ESXi 4 doesn't want to talk to just one box

This one has me completely stumped, and I am at wit's end. I resolved (sort of) my issue with the system losing the NICs completely, and now I've run into an incredibly odd and strange issue.

ESXi 4 refuses to talk TCP/UDP with one system on my network, which is of course, the one I use for managing it. Here's where things get odd; the system cannot ping, ssh, or manage the ESXi 4 system. HOWEVER, the ESXi 4 system will happily ping the affected box with no problems.

Every other system on the network works fine for ping, ssh, the works. Absolutely no problems whatsoever, but none of them are management capable, so I'm stuck.

Any ideas? Like I said; I am completely stumped. Why is ESXi 4 refusing to talk to just the ONE system?

Tags (3)
0 Kudos
9 Replies
DSTAVERT
Immortal
Immortal

Network troubleshooting doesn't change in a virtual environment.

Some things that come to mind.

Firewall

Duplicate IP

Misconfigured nic gateway subnet mask etc etc.

Switch issues vlan etc.

-- David -- VMware Communities Moderator
0 Kudos
RootWyrm
Contributor
Contributor

Except the fact that this isn't network troubleshooting at this point.

If any of those were at issue, there would be one of two problems which are absolutely not present.
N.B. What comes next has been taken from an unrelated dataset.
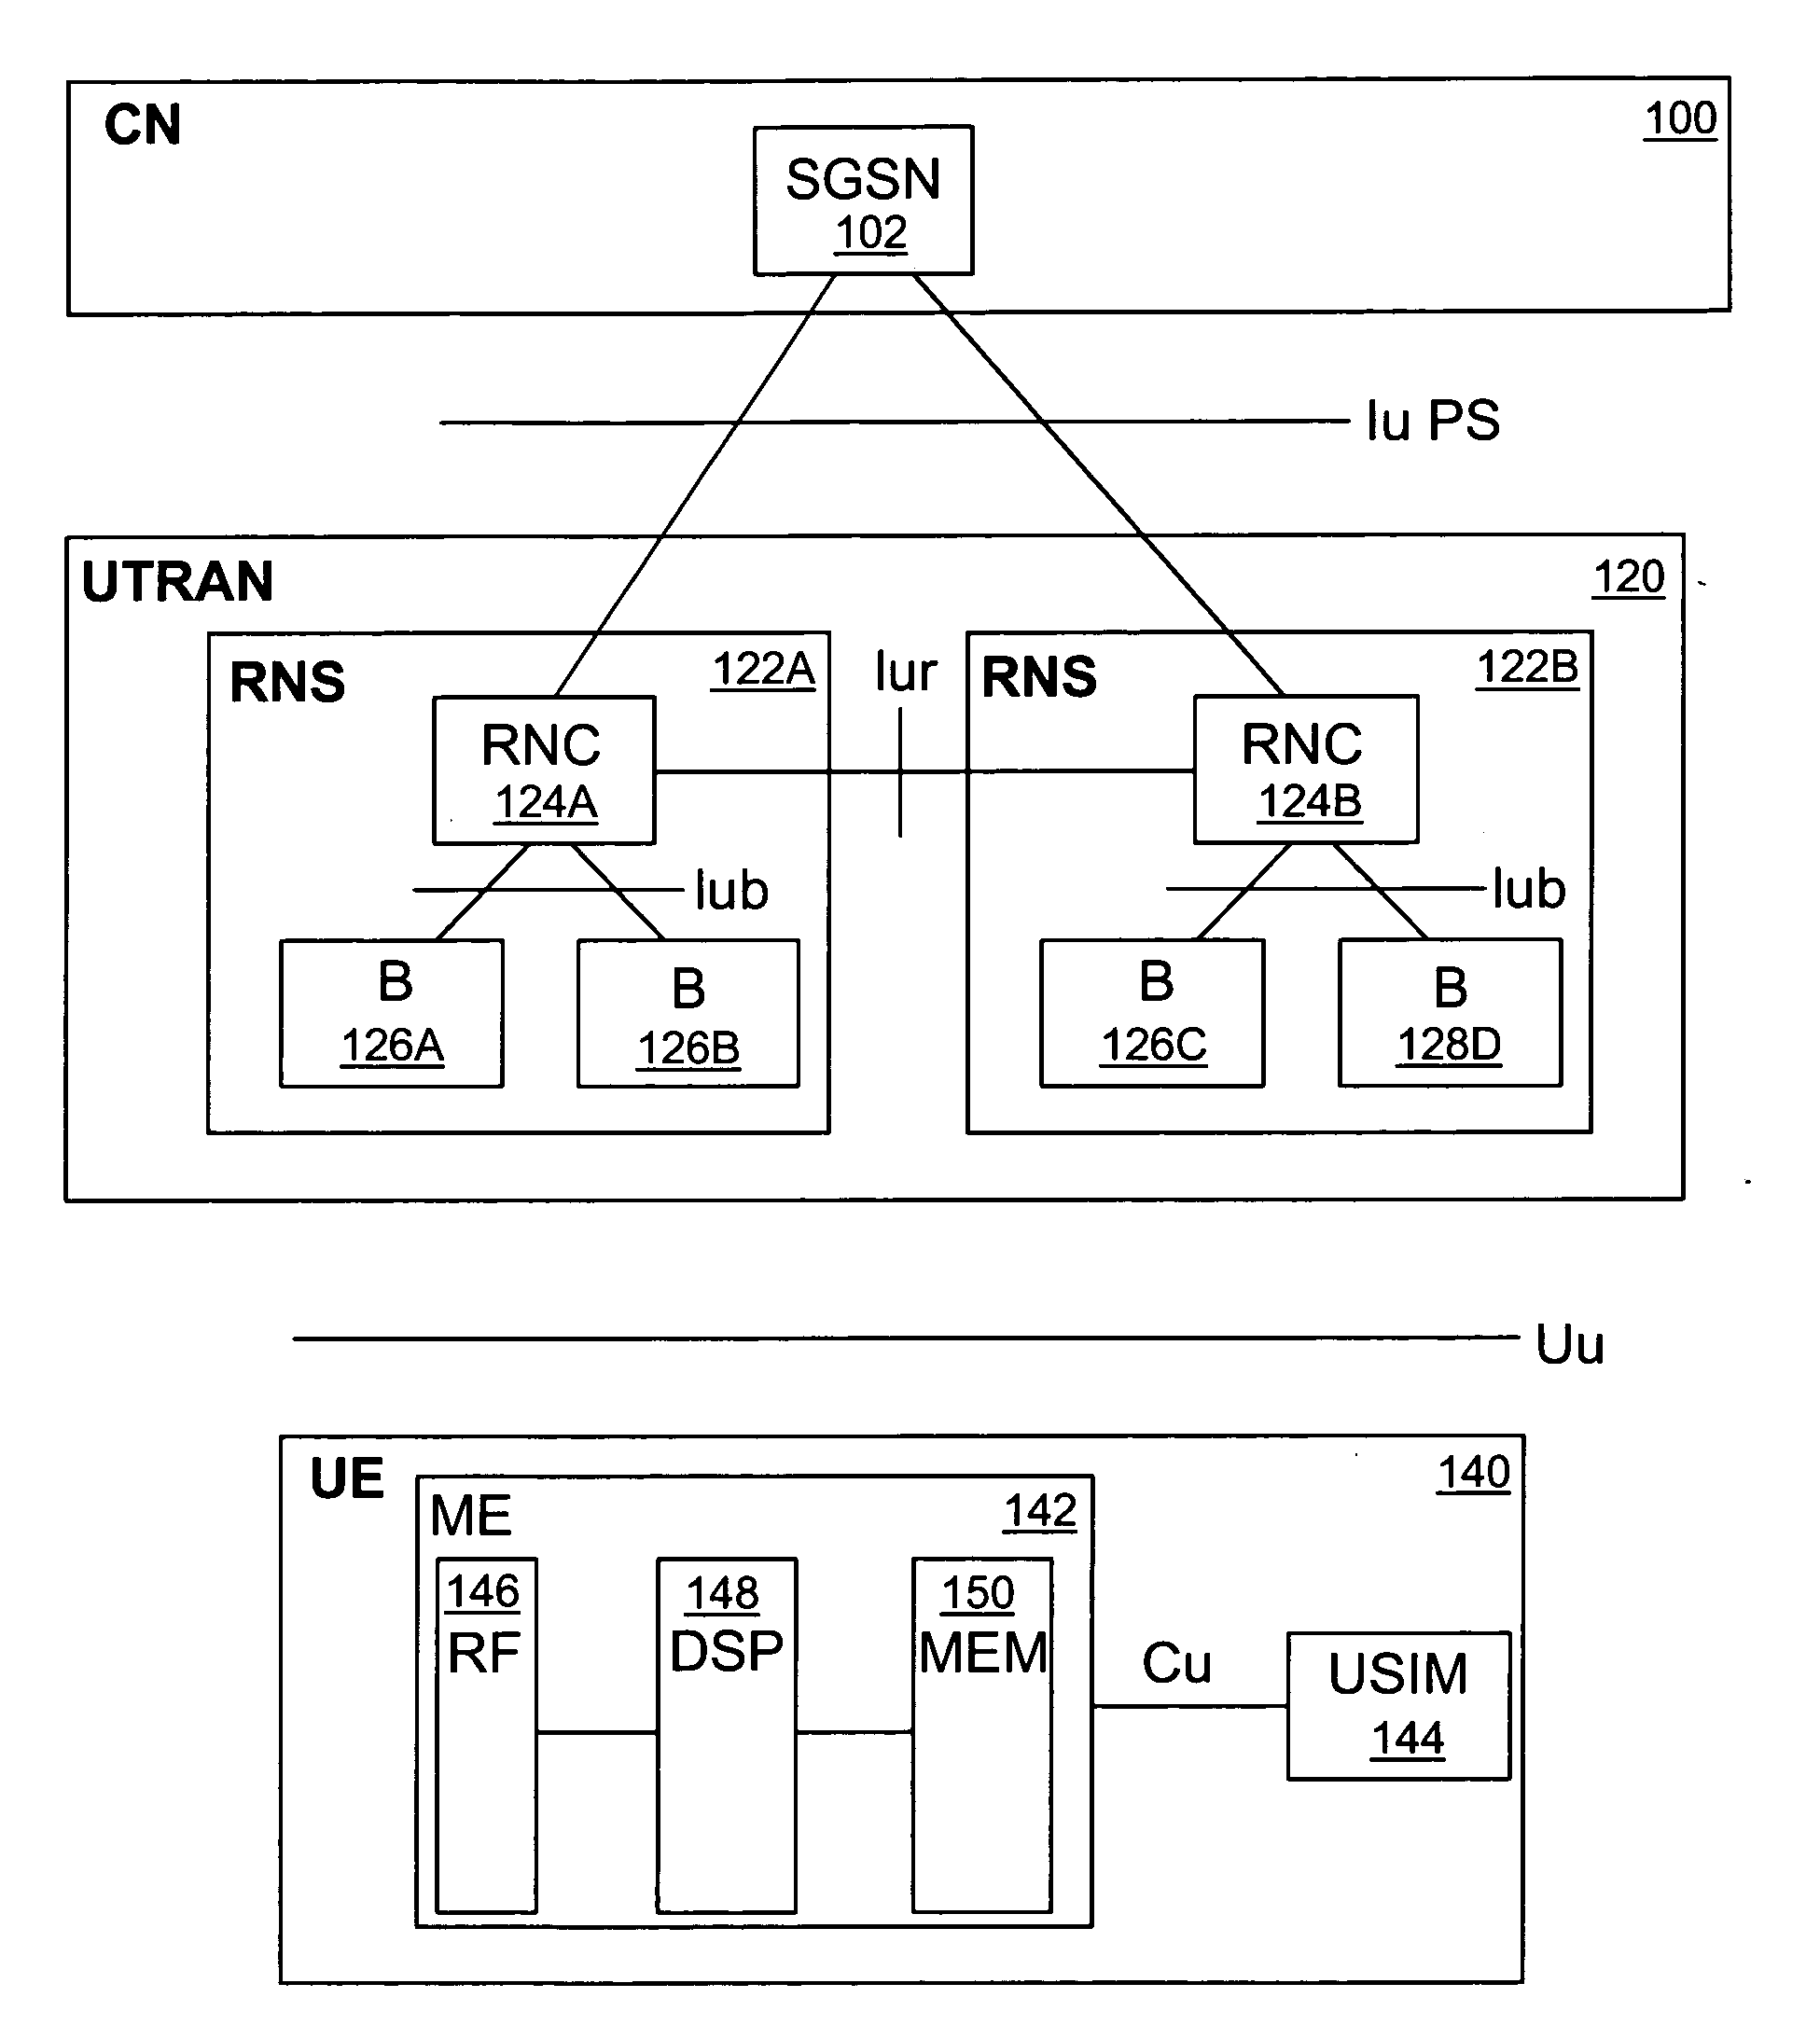 Power control of packet data transmission in cellular network

1) ESXi 4 would not be able to ping or telnet TO the affected machine - it can communicate when it's the originator, but ONLY then.
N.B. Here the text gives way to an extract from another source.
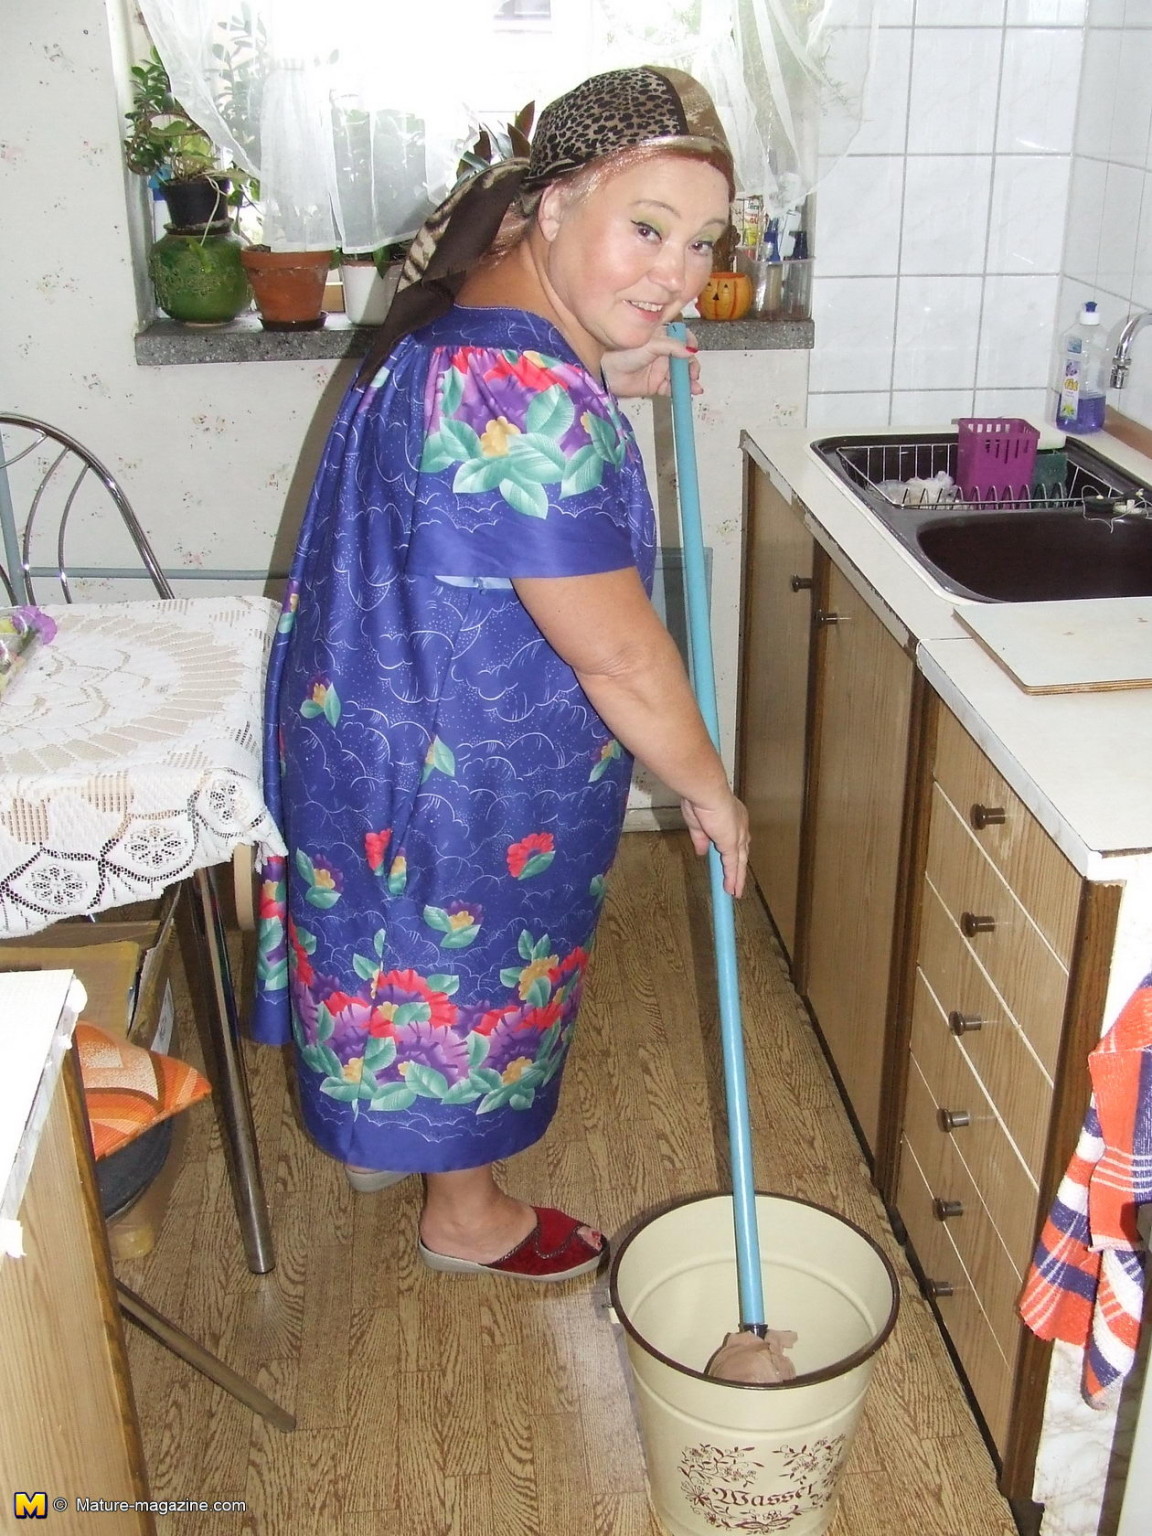 Mature cleaning lady makes it dirty #67298621

2) Other machines on the network would NOT be able to communicate normally with the ESXi 4 box - but they can, I've verified it both directions including scp.

This is definitely an issue in the ESXi 4 management layer. Not the network.

0 Kudos
continuum
Immortal
Immortal

from the description it sounds like your management machine is firewalled.
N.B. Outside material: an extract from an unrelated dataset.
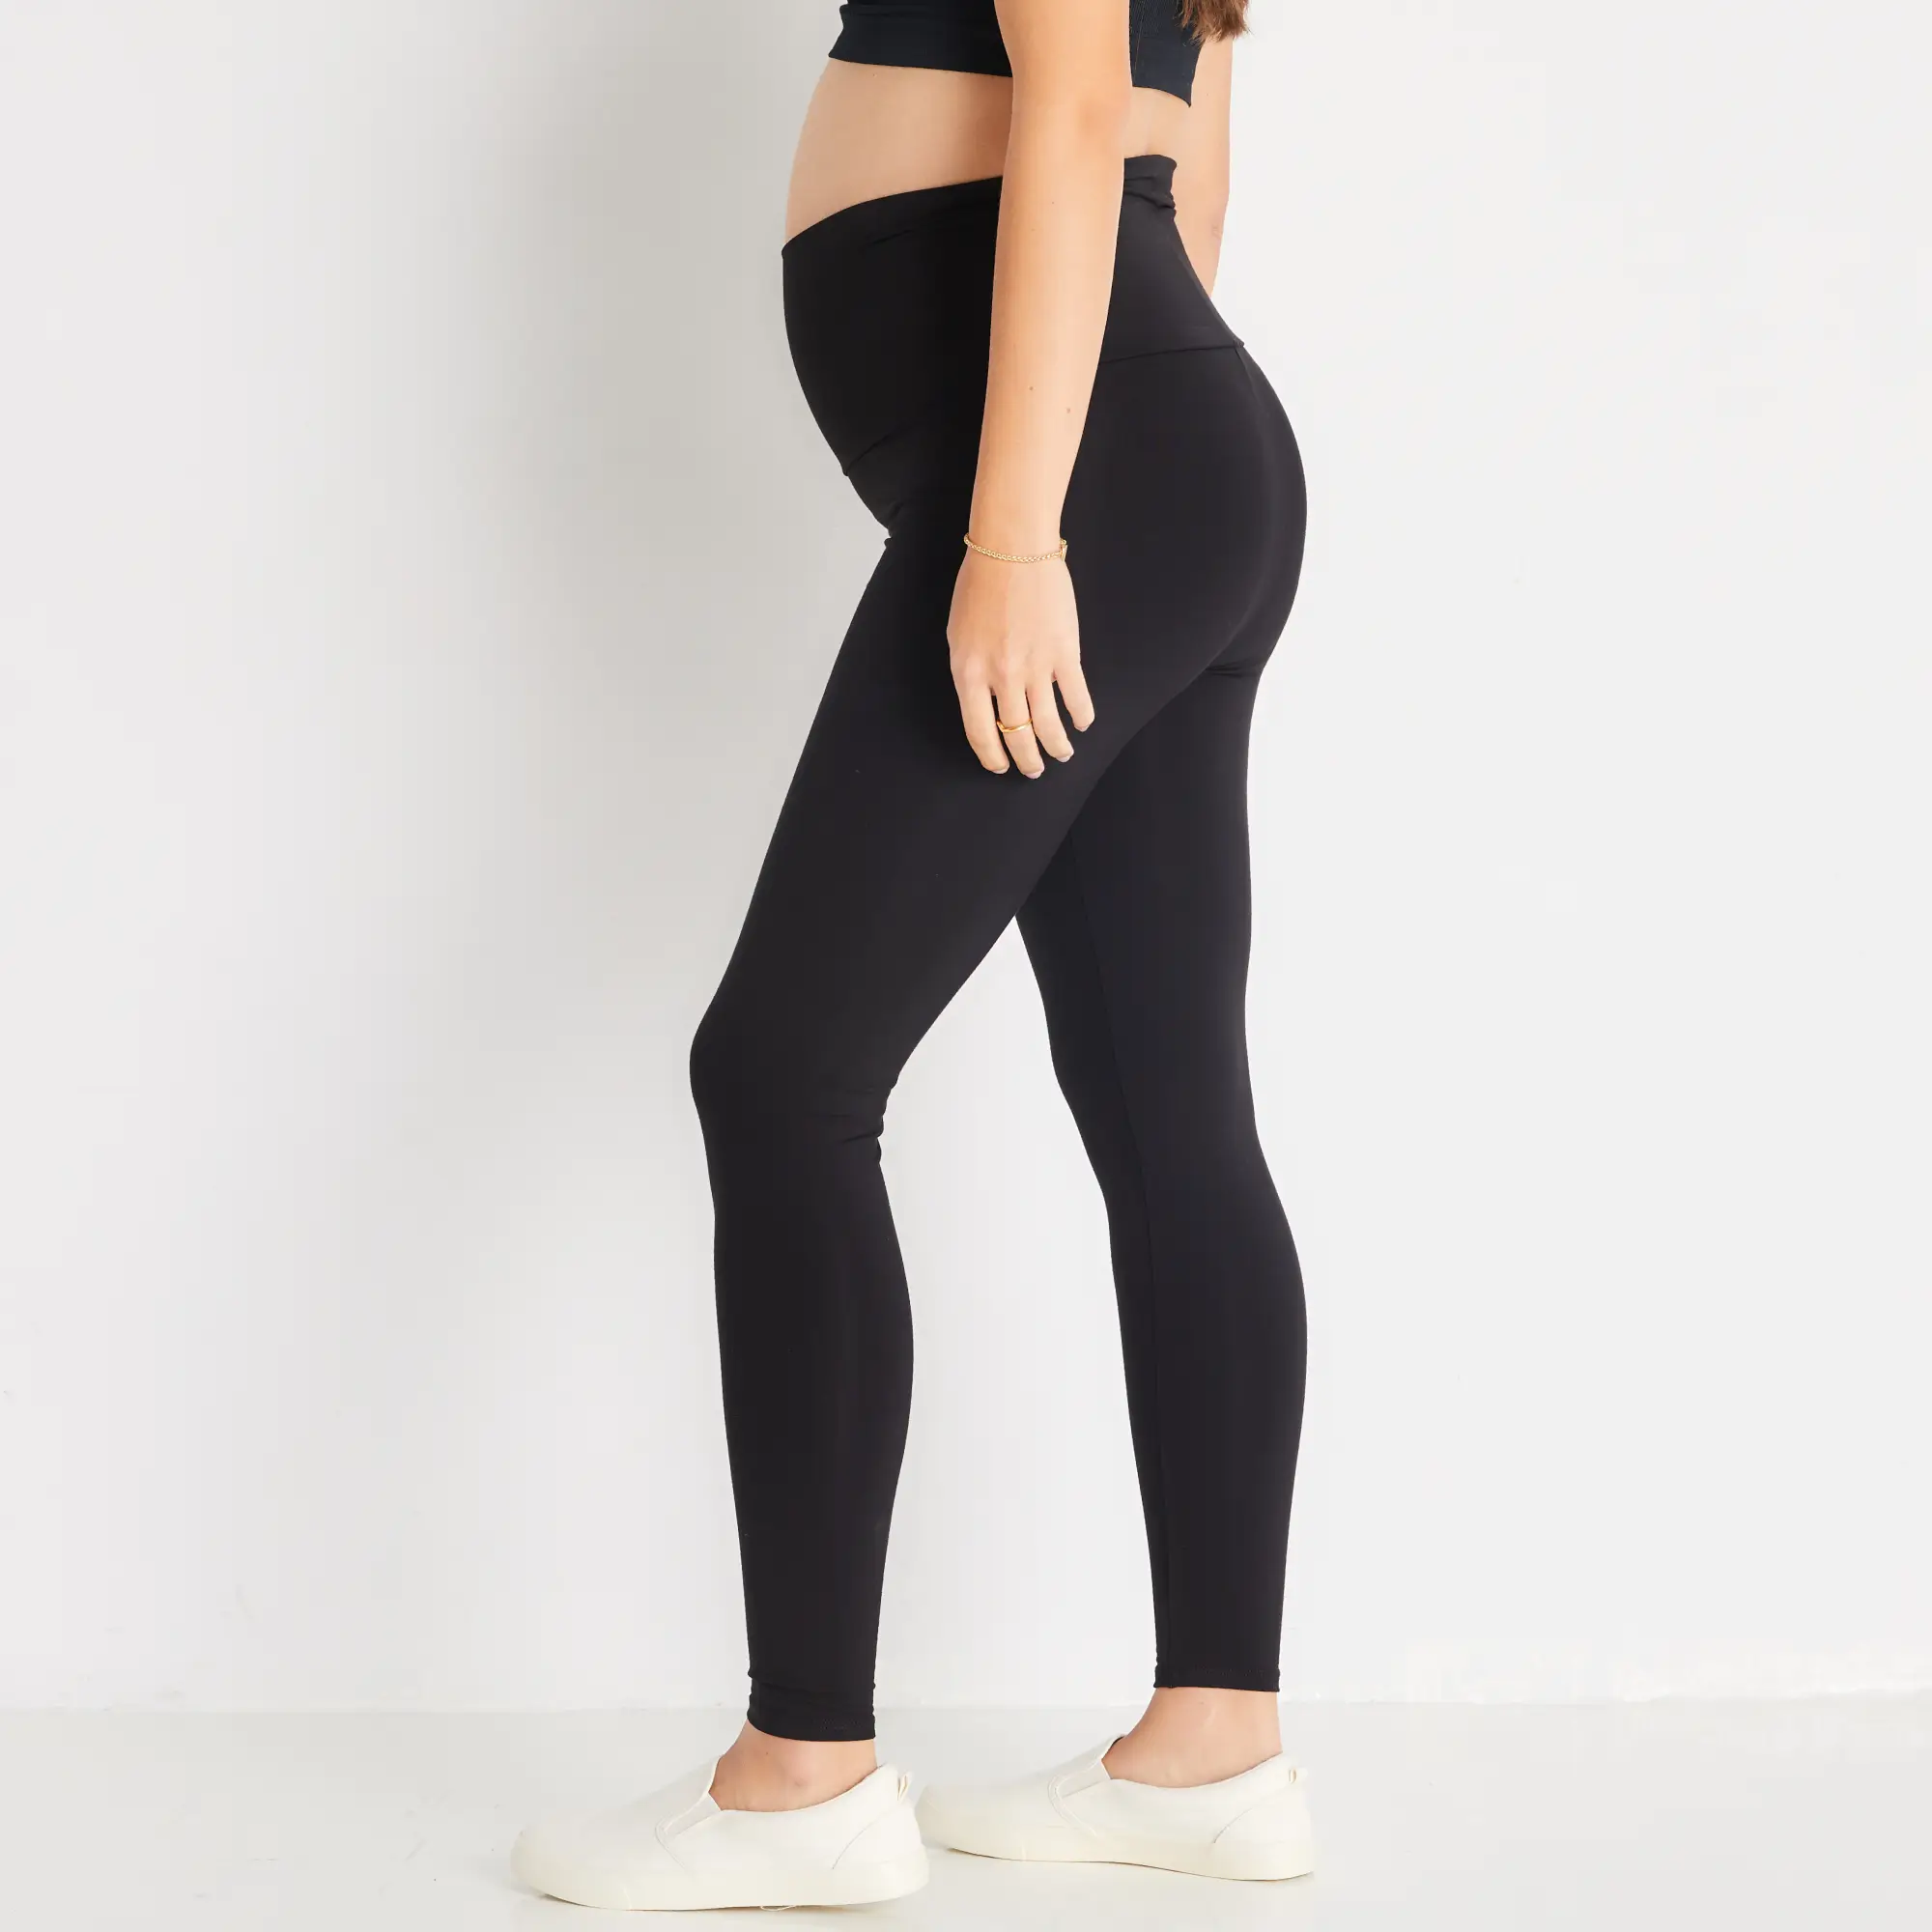 HATCH The Ultimate Maternity Over The Bump Leggings

Why do you think this is an ESXi-issue if other machines can ping or ssh to it fine ?




___________________________________

VMX-parameters- Workstation FAQ -[ MOA-liveCD|http://sanbarrow.com/moa241.html] - VM-Sickbay


________________________________________________
Do you need support with a VMFS recovery problem ? - send a message via skype "sanbarrow"
I do not support Workstation 16 at this time ...

0 Kudos
RootWyrm
Contributor
Contributor

Yup, exactly my thoughts, continuum. The problem is thus: it's a flat network right now. Literally, everything is on one switch, no VLANs implemented, nothing between the ESXi system and the rest of the network.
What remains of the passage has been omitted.